Evolve’s gameplay variations include levels where, depending on whether the player is a hunter or monster, civilians must be rescued or killed, generators demolished or saved, and monster nests destroyed or protected, though the straight-up hunt mode is the purest form of its design ethos. Free of unnecessary distractions and buoyed by the natural urgency of the predator/prey impulses, each match centers on the building and eventual release of tension. Both sides scramble to prepare for the battle that must take place before the match can end. The monster flies around, eating as much as possible without giving away its position while the hunters frantically follow its tracks or positional giveaways—flocks of carrion eaters circling a fresh kill, broken branches, and lightly glowing footprints—in order to get the jump on it before it can evolve. This part of the hunt is all about mounting anticipation, the climax building constantly as confrontation edges closer until released in a violent mess of laser beams, bullets, and claws.
Since Evolve is primarily an online multiplayer game (there’s an offline version that replaces human players with artificially intelligent characters), the kind of teamwork that makes the best orchestrated hunt’s interlocking roles work together in perfect harmony doesn’t always happen. When things fall apart, the lovely simplicity of the game’s proper arc breaks down into an inelegant scramble. Wannabe heroes get killed fast enough to unbalance the delicate synchronicity necessary to win; overeager monsters rush into fights they haven’t prepared for and are knocked out without challenge.
Turtle Rock Studios tries to compensate for this sort of thing by packing its game world with enough color and detail to distract from the fact that its design principles balance precariously on the knife’s edge of internet-based cooperation. Each of the hunters is an oversized cartoon—Markov is a single-mindedly violent Russian heavy gunner; Lazarus is a bald, goateed mad scientist; Bucket is a chunky robot with a posh English accent—who are entertaining even when they’re doing nothing more than running and jumping around a level. The environments are well-designed and varied, with foetid swamps, snowy caverns, and rushing waterfalls; the sound effects lend weight to every jetpack jump, crackling lightning gun blast, and monster’s roar. Evolve is rich in the kind of surface details that make its core concepts shine.
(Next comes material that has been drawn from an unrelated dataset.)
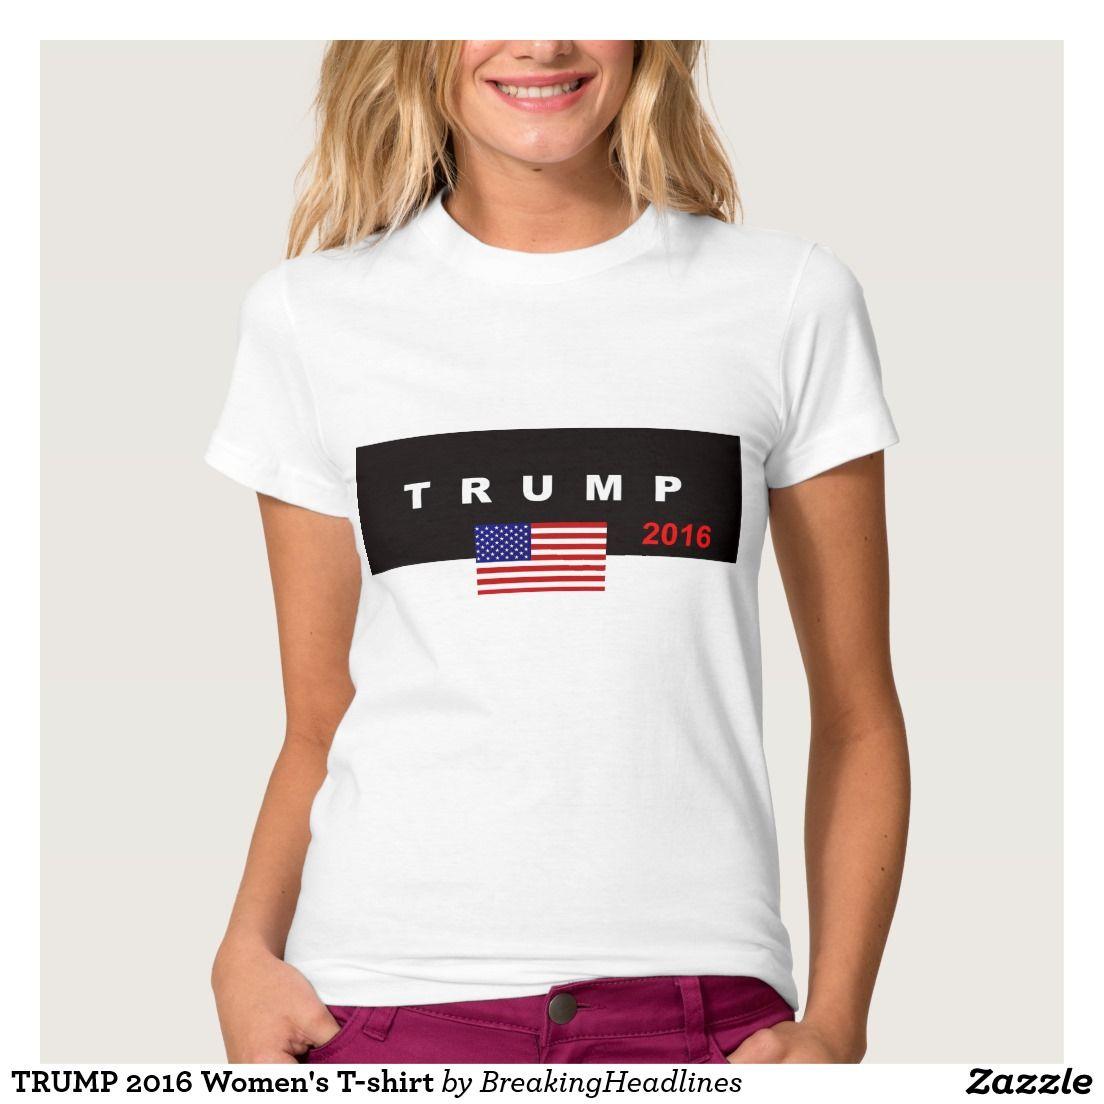 TRUMP 2016 Women's T-shirt #votetrump #votefortrump #womenstshirt #women #woman #trumpgirl #trumptrain #trump

when the pieces come together as they’re meant to, Evolve is satisfying in a bone-deep kind of way
Each individual piece of the game has been crafted with the knowledge that, should the (imperfect) humans controlling the action play their part properly, the systems are in place to make every hunt look, sound, and feel hugely exciting. The potential for each new match to take advantage of this is enough to make the occasionally messy round worth slogging through. Because, when the pieces come together as they’re meant to, Evolve is satisfying in a bone-deep kind of way. It captures something digitally that an apartment-dwelling, cat-owning, minimal meat-eating 21st century person would rather not experience for real. It makes hunting big enough to fire synapses that have atrophied over decades of grocery store trips. And it does this with enough slick detail and sci-fi abstraction to avoid the sort of sticky references to bleeding deer and camouflage vests that would turn off a large portion of its audience.